BİZ KİMİZ DİYE MERAK MI ? EDİYORSUNUZ...
"SESİMİZİ DUYMAK İSTEYENE BİR FISILTI BİLE YETER"
diyerek yola çıktık.
Ben Fısıdayus; M.Ö 20 nci yüzyılda yaşamış halkın fısıltısıyım. Eceada kasabası öyle güzel, öyle milli duygulara sahip ki, anlatılmaz yaşanır. Aslında burada herkes kardeş, herkes çocukluk arkadaşı.
Ancak ne yazık ki bazı kişiler, koltuk ve rant savaşı uğruna çıkarlarının peşinde koşarken bu güzel insanlara eziyet etmekteler.
Ziyafet sofrası diye tabir ettiğimiz Bolitika ise; aslınd bu kasabanın dokusuna hizmet etmeli, insanları birleştirmeli. Fakat bazıları için Ziyafet sofrasındaki dürüstlük, tabakta görünen ama hiçbir zaman yenecek kadar sıcak olmayan bir yemektir.
Oysa biz, gerçeklerin fısıltısıyla sesleniyoruz. Çünkü biliyoruz ki, bu kasabanın ruhu millî duygularda ve kardeşlikte saklı.
Esas sorunun çocuklarımızın geleceği, eğitimi ve kariyerleri olduğunu gördük. Herkesin tek çabasının ise çocukları olduğunu da fark ettik.
Aslında herkes kasabasını canı gönülden seviyor. Ama ziyafet sofrasındaki karakterlerin güçün için vurdun duymazlıkları ve çıkar peşinde koşmalarından dolayı, halkın istek ve talepleri duyulmuyor ve görülmüyor.
Tam da bu noktada Fısıltı devreye giriyor. Halkın sesi, kulağı ve gözü oluyor. Her fısıltı aslında bir gerçeği barındırıyor.
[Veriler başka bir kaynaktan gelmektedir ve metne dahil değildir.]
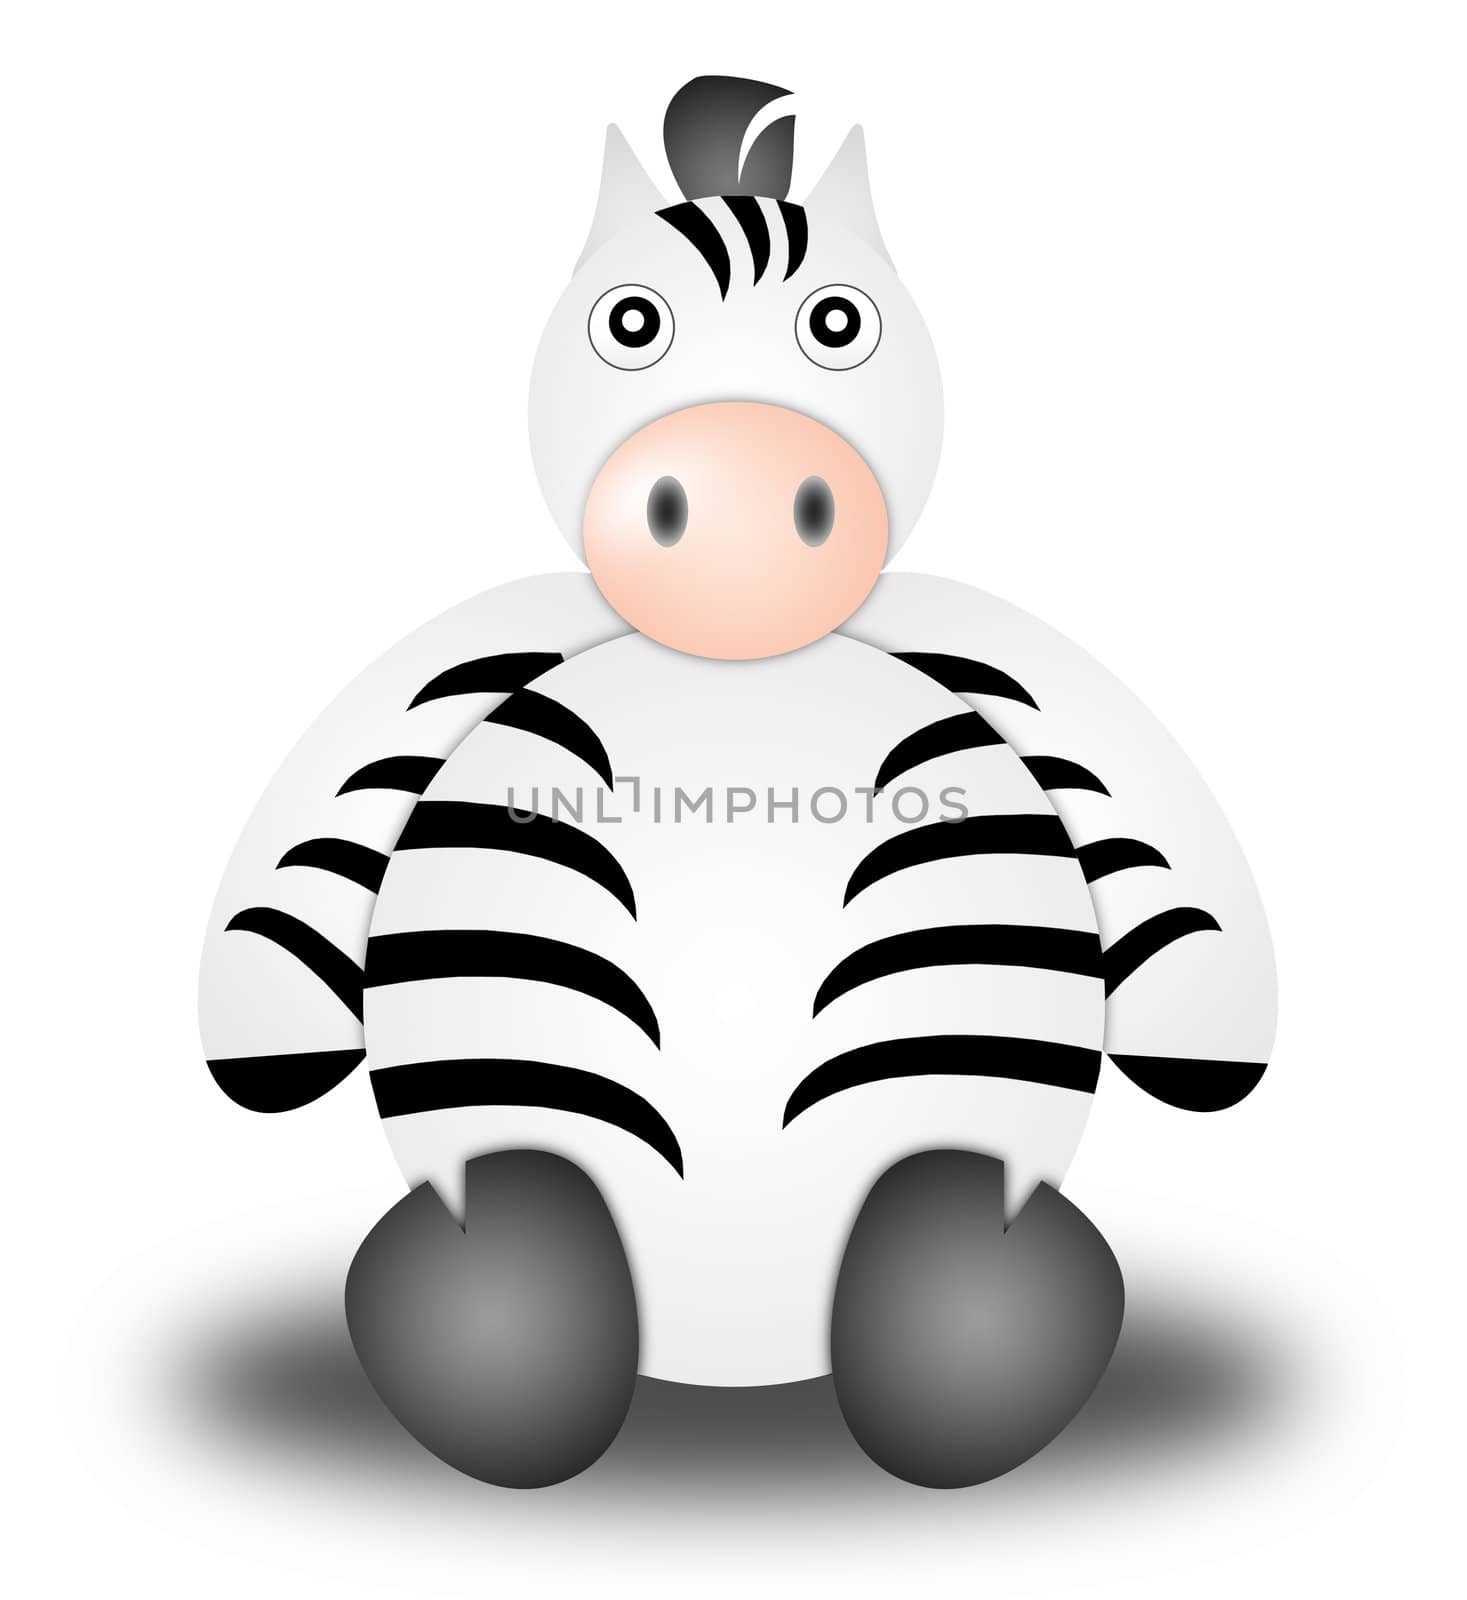 zebra. Illustration cartoon style. white background

Koltuk sevdasına ve çıkarlarının peşine düşen herkes aslında suçlu. Lakin fısıltıları bağırarak söylemeyen bizler de en büyük suçluyuz. Çünkü biz haykırmayarak, aslında çocuklarımızın geleceğini ellerinden alıyoruz.
Gerçekte her şey bu kadar basit. O yüzden ziyafet sofrası olmadan yapmadan nasıl halkın fısıltısı olunur bunu herkes görecek ve yaşayacak.
Ziyafet Sofrasına 1 ay kala değil şimdiden ziyafet Sofrasına tabağımız koyacağız ki herkes herşeyi BİLSİN & GÖRSÜN & DUYSUN
Gizli kapaklı yapılan işler ve anlaşmalar, eziyet edilen halk ve haksızlığa uğrayan herkesin sesi olacağız....
Çünkü bizler biliyoruz ki.FISILTI SİZLERSİNİZ.
*** ANLATILAN VEYA YAYINLANAN İÇERİKLERİN HİÇ BİR KURUM VE KURULUŞ İLE ALAKASI YOKTUR. BENZERLİKLER TAMAMEN TESADÜFTÜR.